Rose was growing more comfortable by the day with our expanding cadre of lambs, but a new problem had arisen. The same ewes she’d been happily pushing around for months had suddenly become monsters, hissing, kicking, and butting whenever she came near. Rose was shocked, yelping in surprise and retreating. Conventional herding-dog wisdom dictated that she shouldn’t be there at all, but she was my partner in all things sheep. I watched in fascination as she sat next to me and studied these newly aggressive creatures as they ate and nursed.
I had no doubt she would approach the matter with the same resolve and ingenuity that she brought to the rest of her work, but for now, she was stymied. That was fine; it wouldn’t hurt for her to respect her charges a bit more.
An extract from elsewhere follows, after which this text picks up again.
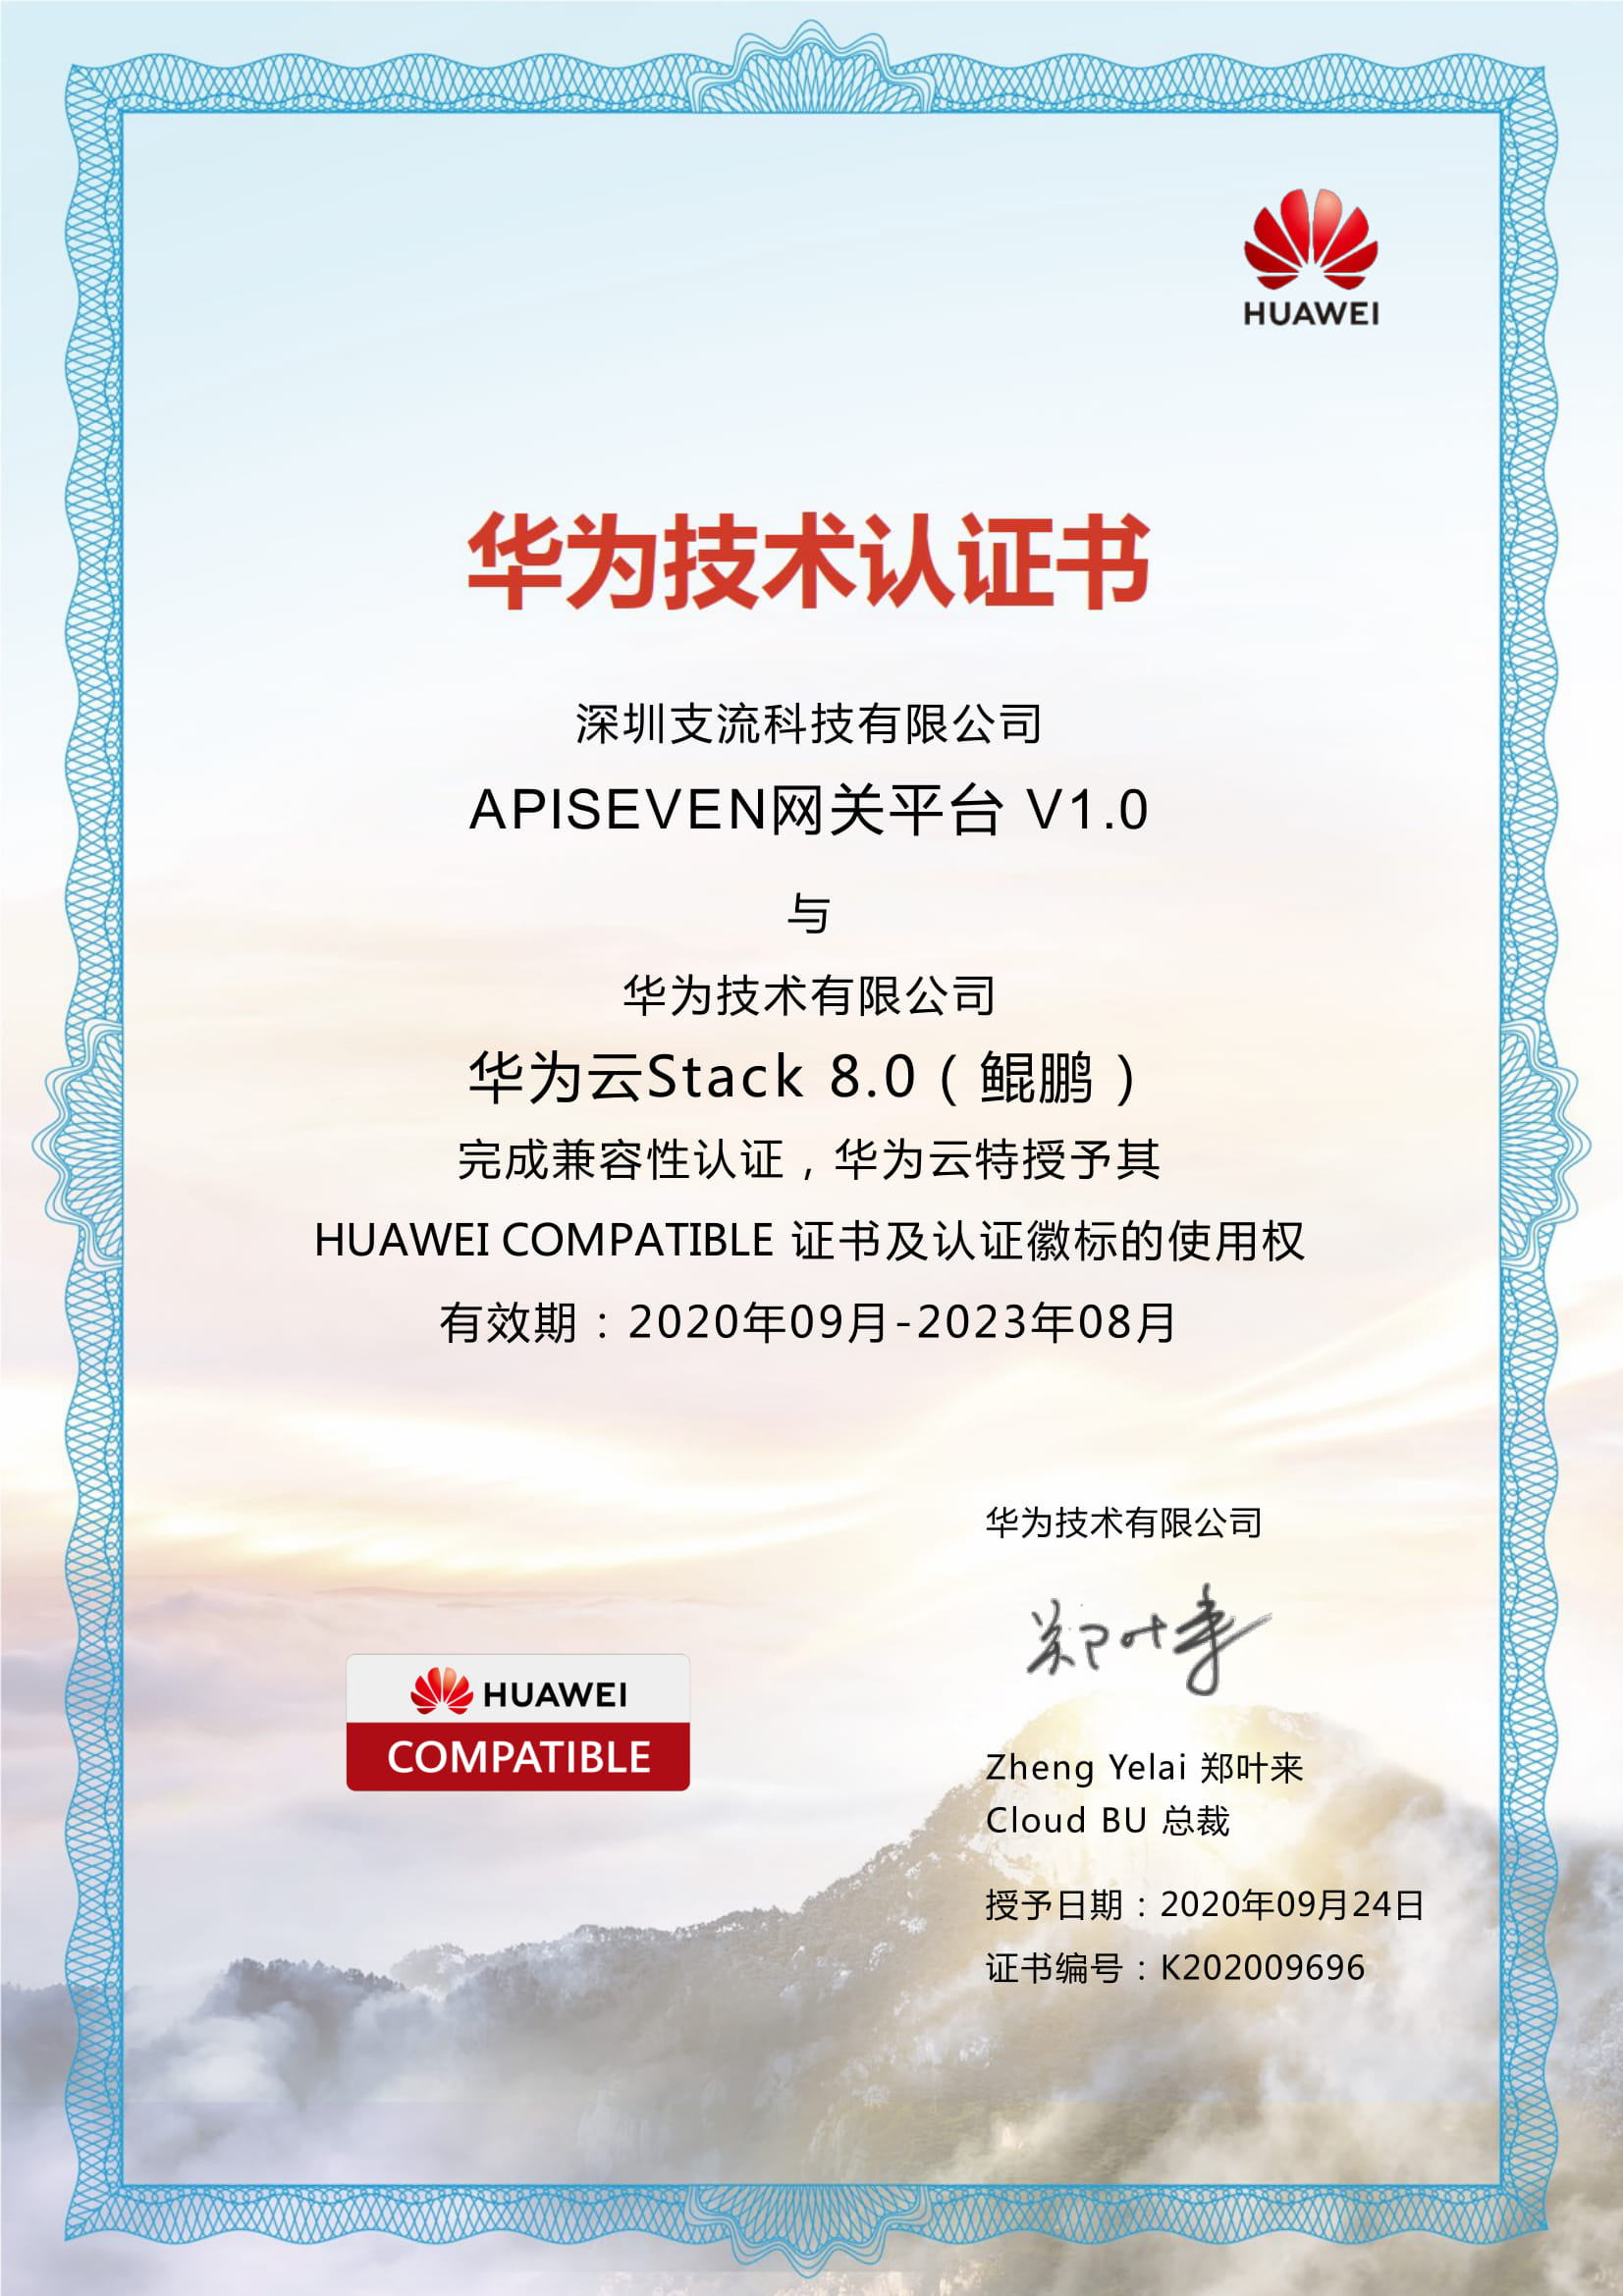 Huawei Stack 8.0

On the third night, I saw Arthur weaken a bit. He was cold, shivering; he didn’t baah when I entered the barn. At a shepherd friend’s suggestion, I’d tried smearing the afterbirth from another ewe on him and tried to slip him in with her as a fake twin. That didn’t work. I tried him with Paula and her brute in the lambing pen; she rammed him full force against the plywood wall. So I put him back with his mom, cursing her indifference and my own carelessness.
The next day, I came outside at six A.M. with Arthur’s morning bottle. He was subdued, but gamely took two or three gulps of milk. Then, as I held him, I actually felt his heart stop. His head tilted off to one side. I’d lost him.